Musician & Composer

LySaundra is a Brooklyn-based musician and composer guided by the understanding that sound is memory, memory is water, and water finds its way through everything. With more than twenty years of study in violin and piano, she moves fluidly between classical, gospel, soul, blues, jazz, folk, and country, and composes music the way she believes all art should be made: to transform. Her music asks its listeners to feel something and then to let that feeling bring them closer to the people around them. If the music doesn't do that, she's not interested.

LySaundra has played violin and piano for nearly 25 years, having studied under Cathy Solsberg, Steven Smith, Anita Weinzierl, Natalia Bolshakova, and Paola Savvidou, each with distinct instruction that shaped her ear, discipline, and understanding of what music can hold.
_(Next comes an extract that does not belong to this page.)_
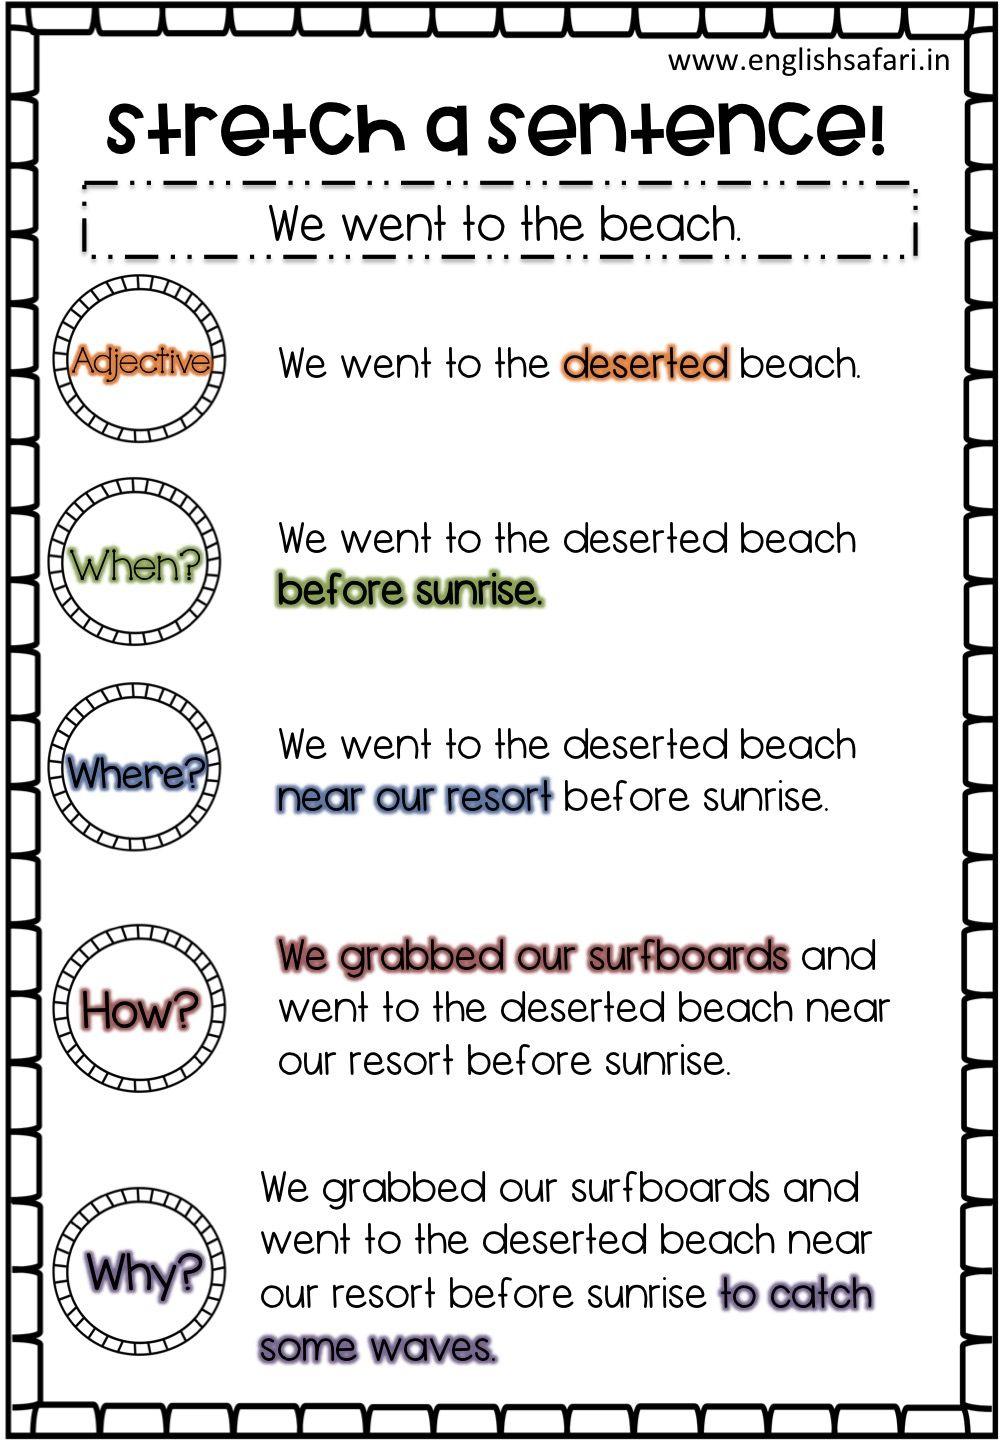 Free Stretch A Sentence Www Englishsafari In In 2020 Third Grade Writing First Grade Writing Writing Sentences Worksheets

That training lives in her compositions. It's the discipline underneath the feeling, the structure that makes space for something to breathe. Her classical training has always been in conversation with broader African American and African Diasporic musical canon. These traditions carry a different kind of knowing that inform everything from her compositional choices to the emotional weight she brings to a room.

LySaundra has performed church and sacred music as a vocalist, pianist, and violinist in Missouri, Nashville, TN, Washington, D.C., and New York City. 

She was commissioned to compose and perform two original pieces for violin for Jodie Lyn-Kee-Chow's 2025 production of Junkanooacome, in partnership with KODA House at Governor's Island. Previous performances include: Brooklyn Conservatory of Music Jazz Lab, The Makers Space, W.O. Smith School of Music Faculty Orchestra, Tennessee Coalition to End Domestic and Sexual Violence 2014 Gala, SCULT Magazine Release Party, and the Kauffman Center for the Performing Arts’ Groundbreaking Ceremony.

Along with musical theatre compositions, she is currently working on an EP and adaptation of her creative writing journal The Write In. These compositions are a vulnerable exploration of what it looks like when private practices of healing and self-knowledge become something shared and held in community.